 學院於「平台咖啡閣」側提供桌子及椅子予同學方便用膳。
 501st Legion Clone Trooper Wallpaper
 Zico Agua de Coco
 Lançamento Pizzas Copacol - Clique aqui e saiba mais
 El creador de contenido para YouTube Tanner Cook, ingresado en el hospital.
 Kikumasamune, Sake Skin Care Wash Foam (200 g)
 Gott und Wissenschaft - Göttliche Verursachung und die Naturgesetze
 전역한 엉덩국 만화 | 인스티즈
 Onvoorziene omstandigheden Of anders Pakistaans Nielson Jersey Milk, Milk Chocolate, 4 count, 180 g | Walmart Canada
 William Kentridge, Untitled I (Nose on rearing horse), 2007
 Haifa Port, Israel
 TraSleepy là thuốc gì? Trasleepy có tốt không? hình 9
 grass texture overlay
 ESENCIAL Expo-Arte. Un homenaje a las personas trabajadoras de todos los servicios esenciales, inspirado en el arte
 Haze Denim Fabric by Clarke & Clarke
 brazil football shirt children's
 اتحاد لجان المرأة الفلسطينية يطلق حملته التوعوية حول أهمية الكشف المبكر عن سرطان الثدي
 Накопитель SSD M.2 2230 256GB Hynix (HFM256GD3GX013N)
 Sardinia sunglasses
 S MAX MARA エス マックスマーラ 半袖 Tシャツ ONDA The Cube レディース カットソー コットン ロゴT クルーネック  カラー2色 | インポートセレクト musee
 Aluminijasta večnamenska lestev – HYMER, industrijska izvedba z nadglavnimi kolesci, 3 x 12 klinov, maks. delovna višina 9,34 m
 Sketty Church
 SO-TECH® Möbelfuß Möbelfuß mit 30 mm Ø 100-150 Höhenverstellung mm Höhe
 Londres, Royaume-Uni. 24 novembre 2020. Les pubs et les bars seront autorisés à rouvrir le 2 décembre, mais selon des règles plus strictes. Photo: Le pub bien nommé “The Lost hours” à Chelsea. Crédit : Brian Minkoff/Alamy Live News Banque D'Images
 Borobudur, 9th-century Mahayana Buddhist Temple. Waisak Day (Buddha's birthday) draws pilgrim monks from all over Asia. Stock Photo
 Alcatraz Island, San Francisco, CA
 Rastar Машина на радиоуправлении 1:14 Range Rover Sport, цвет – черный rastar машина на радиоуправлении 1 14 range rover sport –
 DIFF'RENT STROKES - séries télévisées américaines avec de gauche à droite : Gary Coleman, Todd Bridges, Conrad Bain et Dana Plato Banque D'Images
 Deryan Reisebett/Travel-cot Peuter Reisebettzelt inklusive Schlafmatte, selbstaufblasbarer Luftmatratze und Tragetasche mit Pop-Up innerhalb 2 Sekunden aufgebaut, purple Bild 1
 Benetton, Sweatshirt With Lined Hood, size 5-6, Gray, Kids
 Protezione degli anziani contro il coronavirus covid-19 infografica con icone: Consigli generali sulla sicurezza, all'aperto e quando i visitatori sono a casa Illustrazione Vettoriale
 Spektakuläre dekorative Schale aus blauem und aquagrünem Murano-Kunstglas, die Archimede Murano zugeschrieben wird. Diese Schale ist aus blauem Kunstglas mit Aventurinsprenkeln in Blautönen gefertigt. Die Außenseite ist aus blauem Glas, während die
-*-
▸ About this task: Could you transcribe all of the entries exactly, leaving nothing out?

▸ Result below:
 學院於「平台咖啡閣」側提供桌子及椅子予同學方便用膳。
 501st Legion Clone Trooper Wallpaper
 Zico Agua de Coco
 Lançamento Pizzas Copacol - Clique aqui e saiba mais
 El creador de contenido para YouTube Tanner Cook, ingresado en el hospital.
 Kikumasamune, Sake Skin Care Wash Foam (200 g)
 Gott und Wissenschaft - Göttliche Verursachung und die Naturgesetze
 전역한 엉덩국 만화 | 인스티즈
 Onvoorziene omstandigheden Of anders Pakistaans Nielson Jersey Milk, Milk Chocolate, 4 count, 180 g | Walmart Canada
 William Kentridge, Untitled I (Nose on rearing horse), 2007
 Haifa Port, Israel
 TraSleepy là thuốc gì? Trasleepy có tốt không? hình 9
 grass texture overlay
 ESENCIAL Expo-Arte. Un homenaje a las personas trabajadoras de todos los servicios esenciales, inspirado en el arte
 Haze Denim Fabric by Clarke & Clarke
 brazil football shirt children's
 اتحاد لجان المرأة الفلسطينية يطلق حملته التوعوية حول أهمية الكشف المبكر عن سرطان الثدي
 Накопитель SSD M.2 2230 256GB Hynix (HFM256GD3GX013N)
 Sardinia sunglasses
 S MAX MARA エス マックスマーラ 半袖 Tシャツ ONDA The Cube レディース カットソー コットン ロゴT クルーネック  カラー2色 | インポートセレクト musee
 Aluminijasta večnamenska lestev – HYMER, industrijska izvedba z nadglavnimi kolesci, 3 x 12 klinov, maks. delovna višina 9,34 m
 Sketty Church
 SO-TECH® Möbelfuß Möbelfuß mit 30 mm Ø 100-150 Höhenverstellung mm Höhe
 Londres, Royaume-Uni. 24 novembre 2020. Les pubs et les bars seront autorisés à rouvrir le 2 décembre, mais selon des règles plus strictes. Photo: Le pub bien nommé “The Lost hours” à Chelsea. Crédit : Brian Minkoff/Alamy Live News Banque D'Images
 Borobudur, 9th-century Mahayana Buddhist Temple. Waisak Day (Buddha's birthday) draws pilgrim monks from all over Asia. Stock Photo
 Alcatraz Island, San Francisco, CA
 Rastar Машина на радиоуправлении 1:14 Range Rover Sport, цвет – черный rastar машина на радиоуправлении 1 14 range rover sport –
 DIFF'RENT STROKES - séries télévisées américaines avec de gauche à droite : Gary Coleman, Todd Bridges, Conrad Bain et Dana Plato Banque D'Images
 Deryan Reisebett/Travel-cot Peuter Reisebettzelt inklusive Schlafmatte, selbstaufblasbarer Luftmatratze und Tragetasche mit Pop-Up innerhalb 2 Sekunden aufgebaut, purple Bild 1
 Benetton, Sweatshirt With Lined Hood, size 5-6, Gray, Kids
 Protezione degli anziani contro il coronavirus covid-19 infografica con icone: Consigli generali sulla sicurezza, all'aperto e quando i visitatori sono a casa Illustrazione Vettoriale
 Spektakuläre dekorative Schale aus blauem und aquagrünem Murano-Kunstglas, die Archimede Murano zugeschrieben wird. Diese Schale ist aus blauem Kunstglas mit Aventurinsprenkeln in Blautönen gefertigt. Die Außenseite ist aus blauem Glas, während die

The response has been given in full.